Figure 1.. Annotation of Epicardial and Pericardial Adipose Tissue Area From 4-Chamber Cardiac Magnetic Resonance (CMR) Images

The combined area of epicardial and pericardial adipose tissue (shaded in yellow) was quantified with deep learning in 44 475 UK Biobank participants. Four-chamber images at random parts of the cardiac cycle from 200 randomly selected participants of the UK Biobank CMR imaging substudy were first manually annotated (middle image). A U-Net–based (University of Freiburg) deep learning model was then constructed using a ResNet50 (Microsoft) encoder and fine-tuned model based on the manual annotations. The resulting model was used to infer segmentation of the combined area of epicardial and pericardial adipose tissue in all remaining images. Magnetic resonance images are reproduced by kind permission of UK Biobank.

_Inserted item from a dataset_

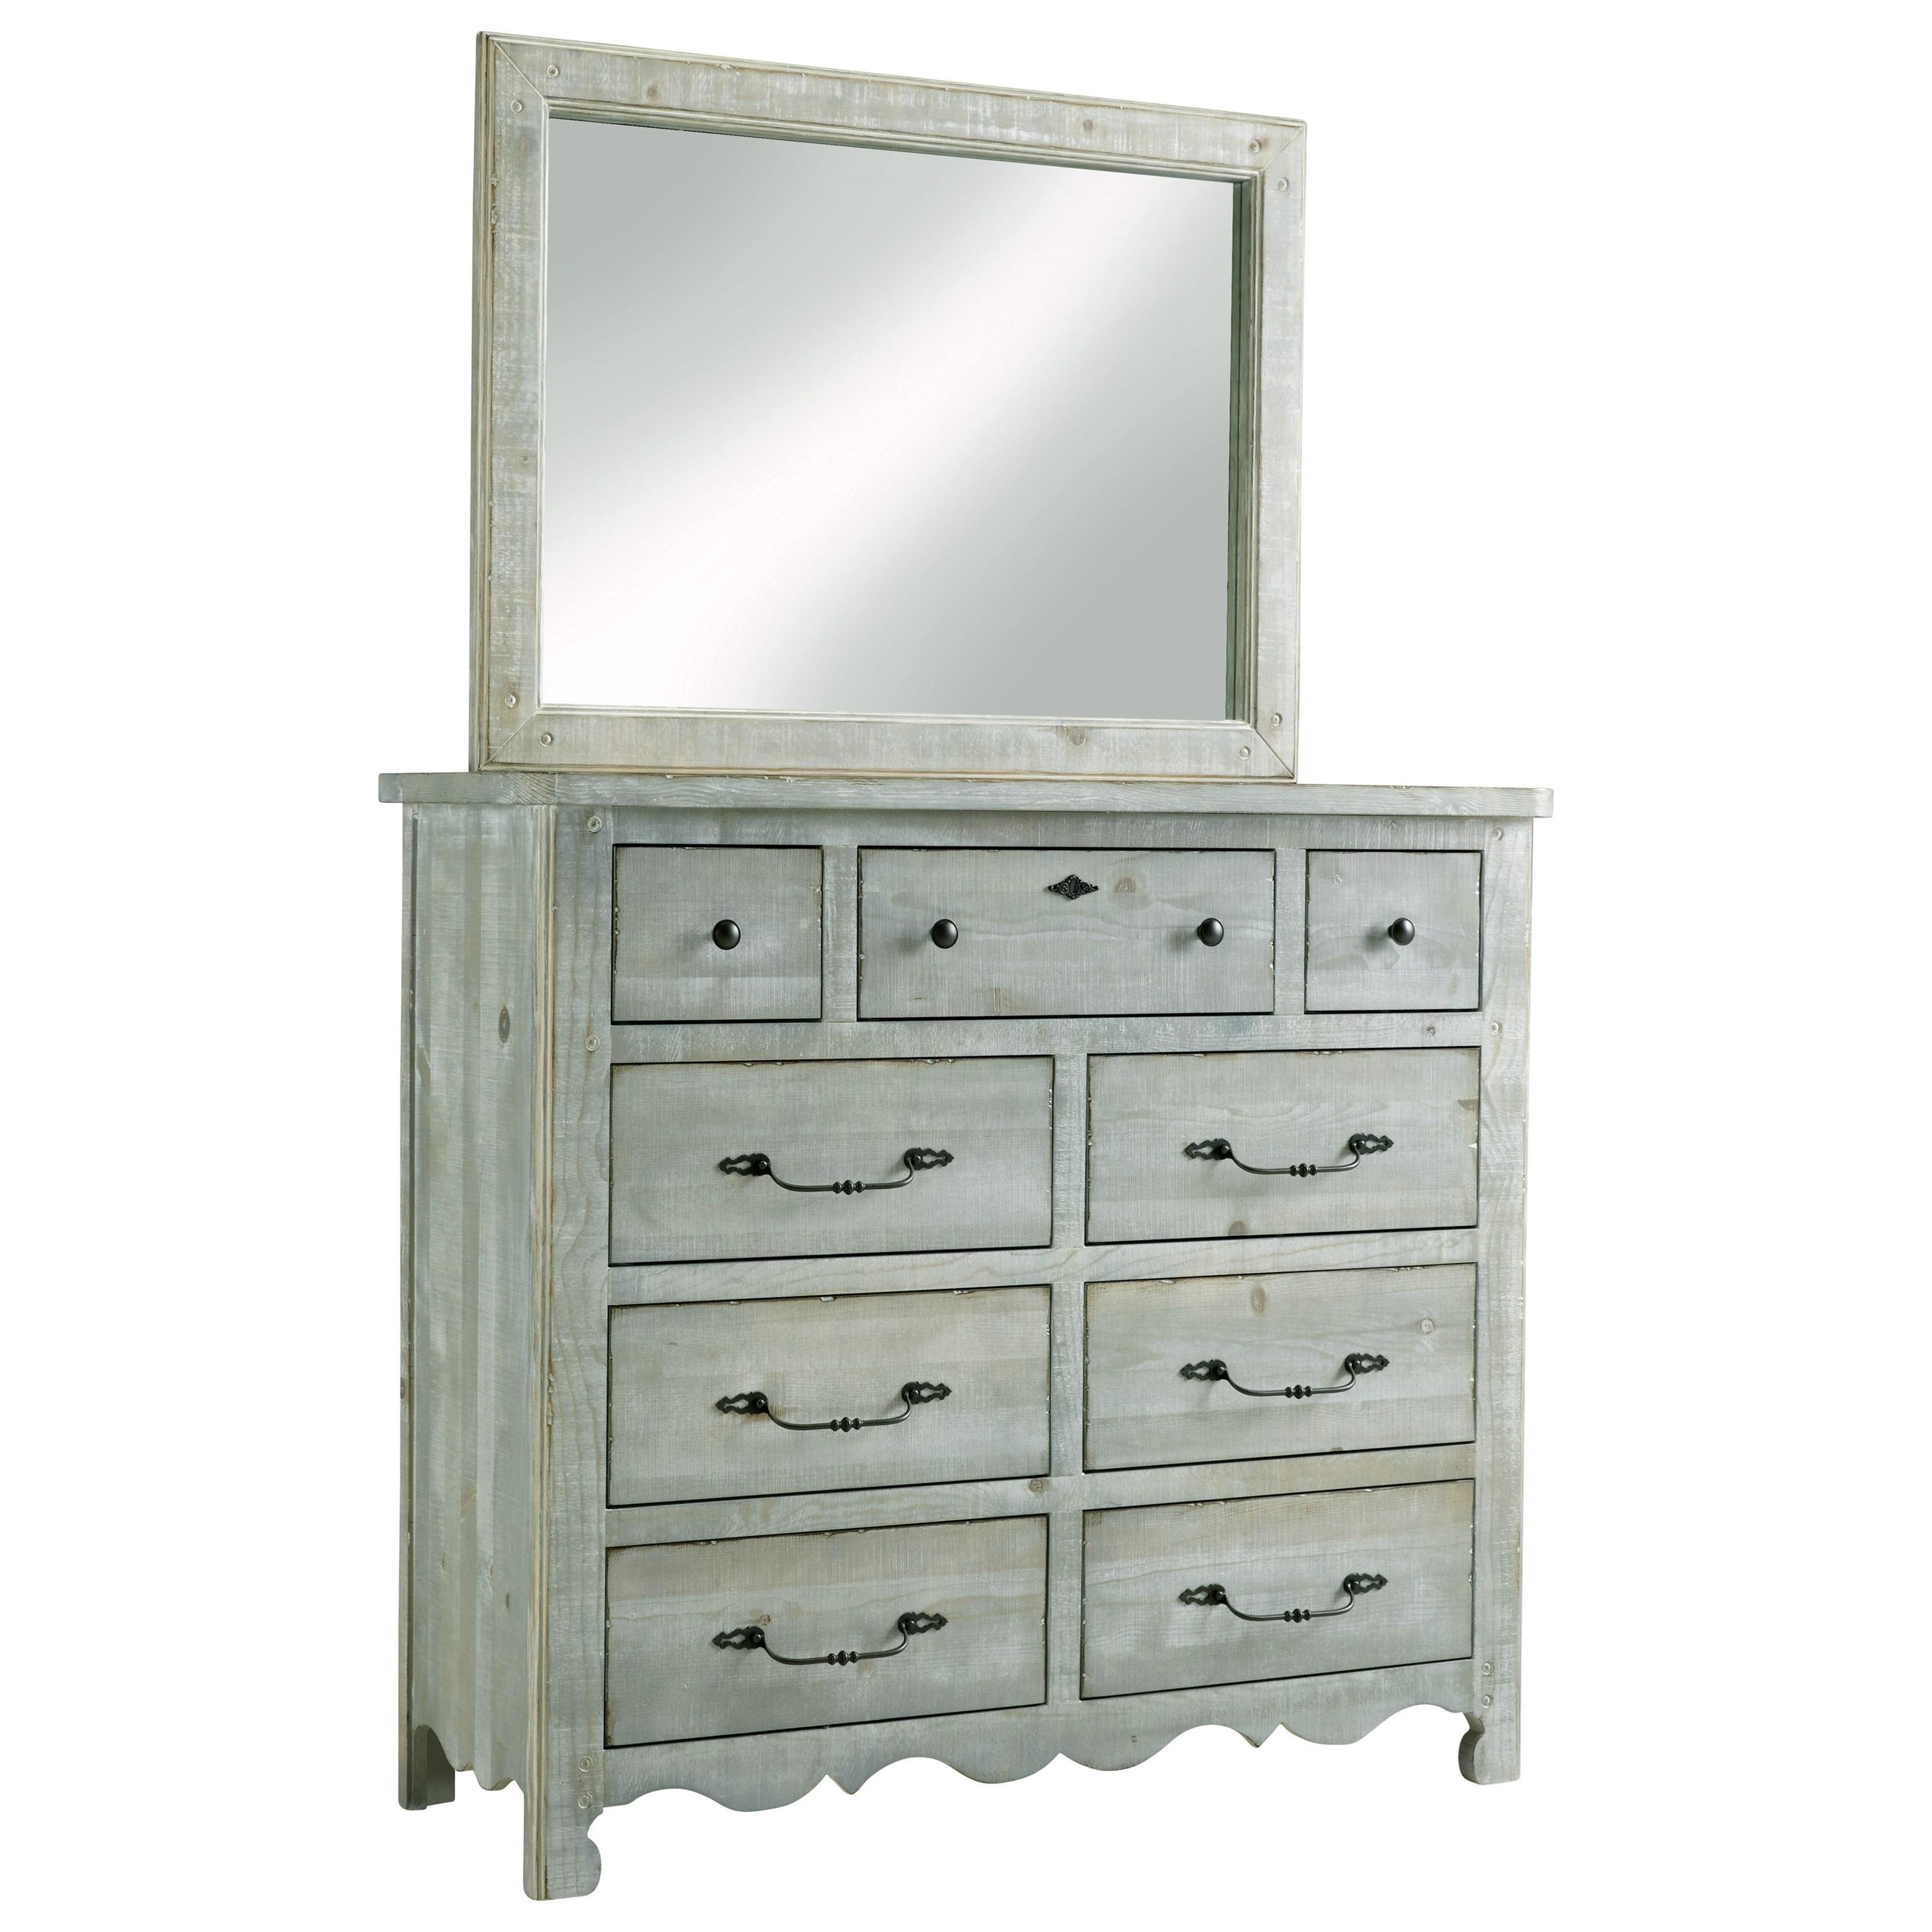 Chatsworth Drawer Dresser & Mirror by Progressive Furniture at Value City Furniture

Figure 2.. Associations of Epicardial and Pericardial Adipose Tissue (EPAT) With Prevalent and Incident Cardiovascular Diseases

A, The associations of prevalent diseases with the combined area of EPAT were examined with linear regression models, including the respective disease, age, and sex, as predictors and EPAT as the outcome. Each bar corresponds to the difference in EPAT (in SD units) between those with prevalent disease and those without. Error bars correspond to positive 95% CIs. B, Cumulative incidence curves for 3 selected cardiovascular diseases are shown for participants stratified by EPAT deciles at the time of imaging (top 10% vs others). The shaded areas correspond to 95% CIs. Individuals with the corresponding disease at the time of imaging were excluded from the incident disease analyses. P values were estimated using Cox proportional hazards models with age and sex as covariates.

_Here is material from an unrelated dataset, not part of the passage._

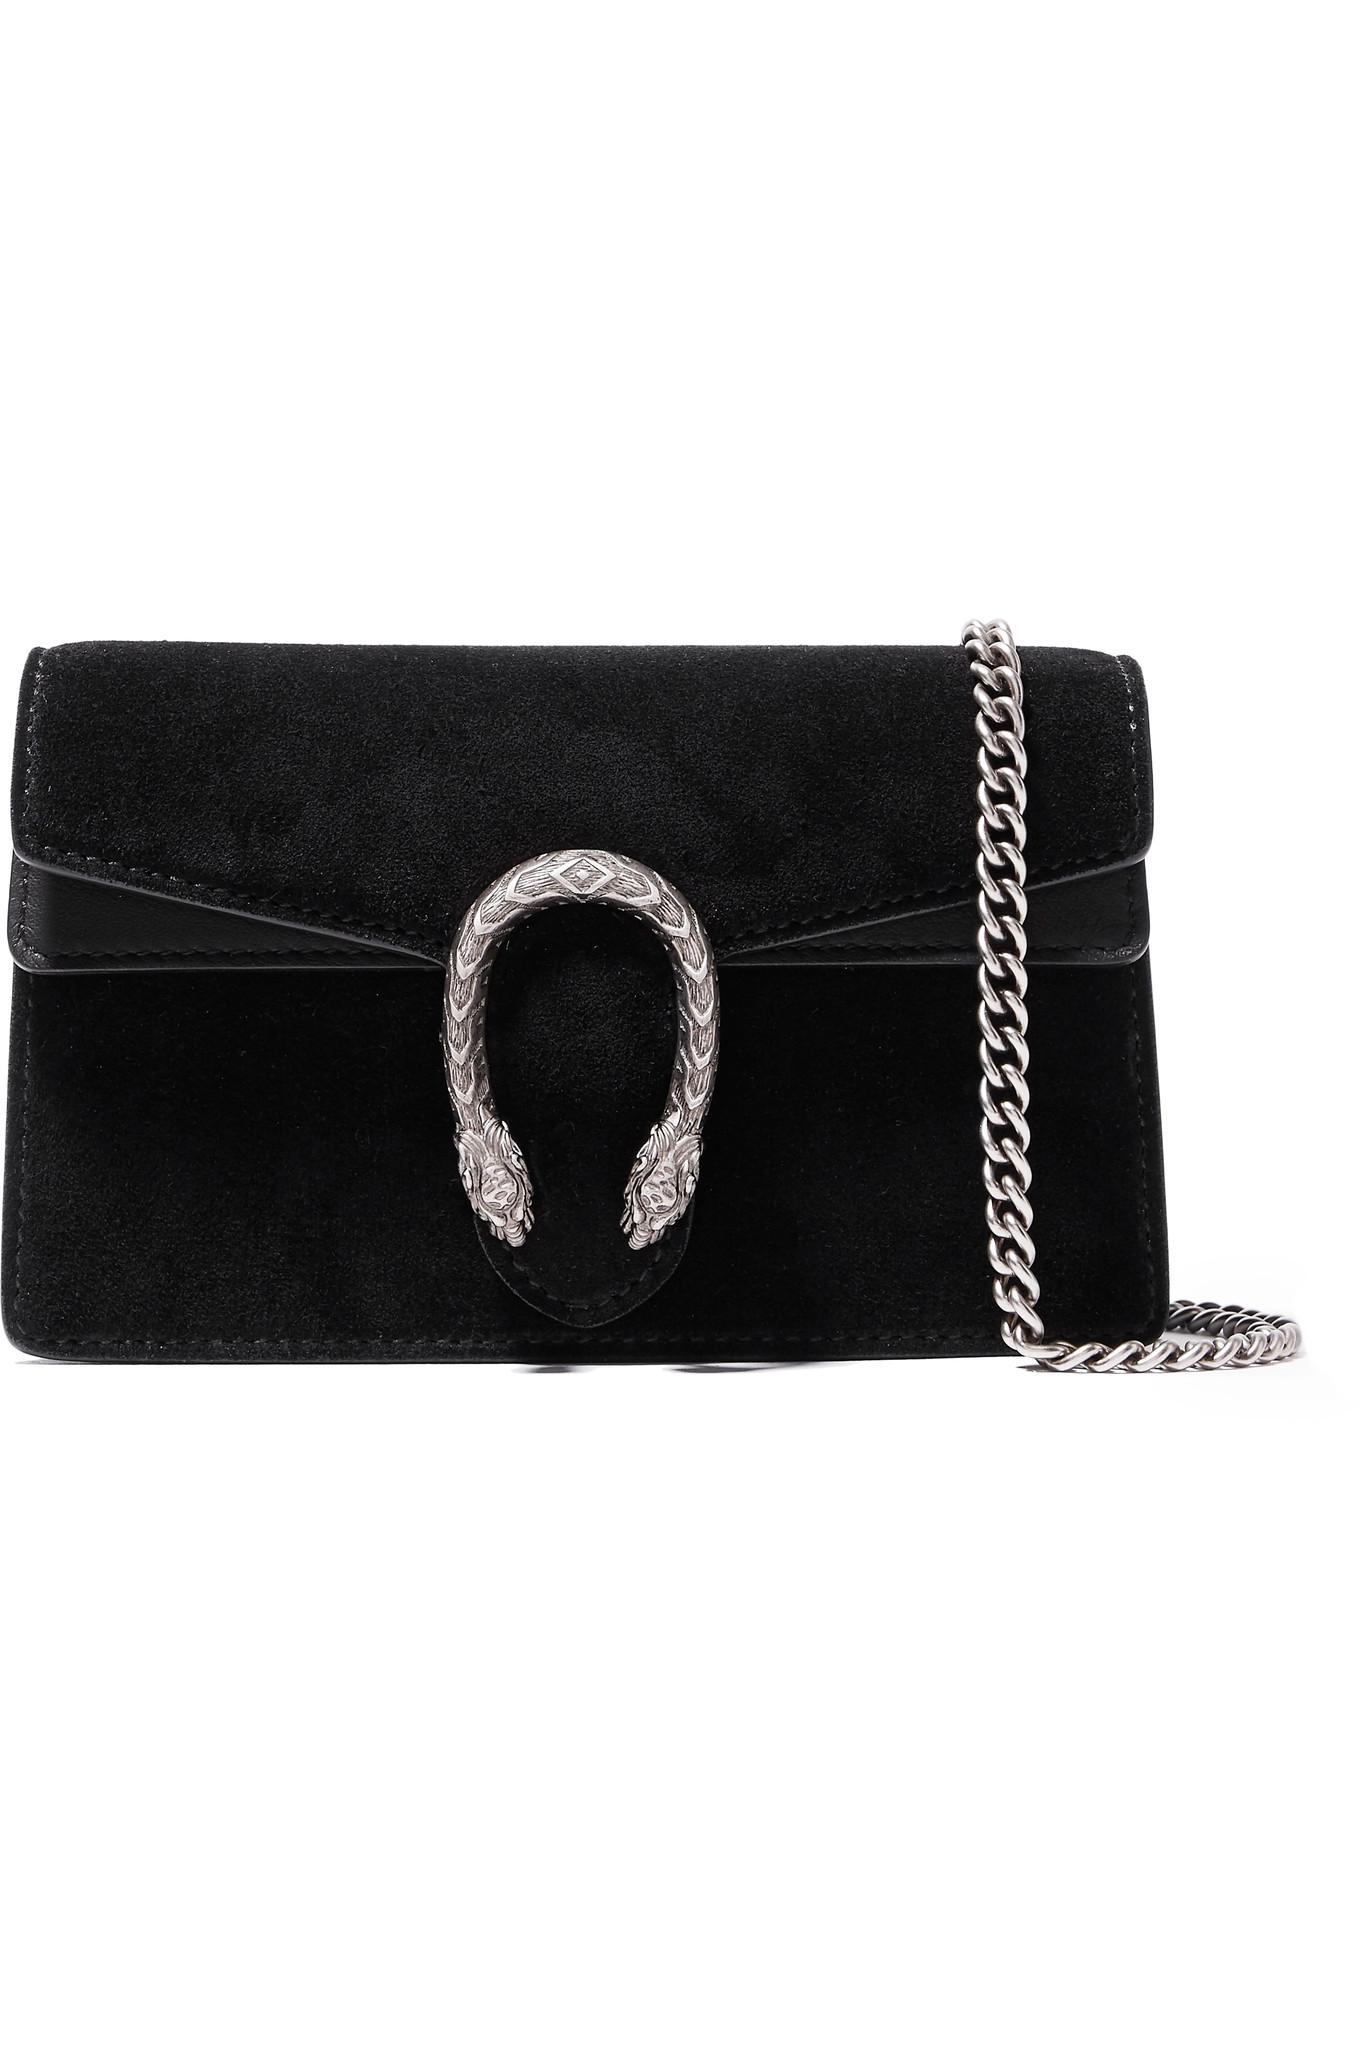 0cc04aafff39 Gucci Dionysus Super Mini Shoulder Bag in Black - Save 9% - Lyst

Figure 3.. Manhattan Plot of the Genome-Wide Association Study of Epicardial and Pericardial Adipose Tissue in UK Biobank

A genome-wide association study of the combined area of epicardial and pericardial adipose tissue was performed in 41 494 UK Biobank participants. Each variant is plotted as a data point, with the corresponding −log₁₀(P) shown on the y-axis and the genomic position shown on the x-axis grouped by chromosomes. The genome-wide significance threshold (P = 5 × 10⁻⁸) is shown with a darker dashed line and a suggestive threshold (P = 1 × 10⁻⁵) is shown with a lighter dashed line. Genomic loci with at least 1 variant reaching genome-wide significance are labeled with the name of the nearest gene, and all variants within 500 kilobases of the lead variant are colored in a darker blue for visualization purposes. The y-axis is truncated to only show variants with a P value ≤.1.

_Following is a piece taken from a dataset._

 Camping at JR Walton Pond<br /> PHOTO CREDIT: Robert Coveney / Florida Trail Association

Figure 4.. Associations of a Polygenic Score for Epicardial and Pericardial Adipose Tissue (EPAT) With Cardiovascular Diseases in FinnGen

A polygenic score (PGS) for the combined area of EPAT was constructed using the PRS-CS tool, which infers posterior effect sizes for polygenic risk scores (PRS) under continuous shrinkage (CS) priors, based on summary statistics from the genome-wide association study of EPAT in UK Biobank and subsequently applied to 453 733 participants in the FinnGen study. A, The associations of the EPAT PGS with cardiovascular diseases were evaluated using logistic regression models with sex, age at the end of study follow-up or death, genomic principal components 1 to 5, and the genotyping array as basic covariates. B, The associations of the EPAT PGS with cardiovascular diseases were examined including body mass index (BMI) as an additional covariate. Odds ratios (ORs) are shown per SD increment in EPAT PGS.

Figure 5.. Incident Disease Associations of Epicardial and Pericardial Adipose Tissue (EPAT) and Abdominal Visceral Adipose Tissue (VAT) in a Joint Model

The associations of the combined area of EPAT and the volume of abdominal VAT with incident diseases were tested using Cox proportional hazards models with time from imaging to diagnosis or censoring as the outcome and EPAT, VAT, sex, and age as the predictors. A, Hazard ratios (HRs) are shown separately for EPAT (in SD units). B, HRs are shown separately for VAT (in SD units). Participants with the corresponding prevalent disease at the time of imaging were excluded from analyses.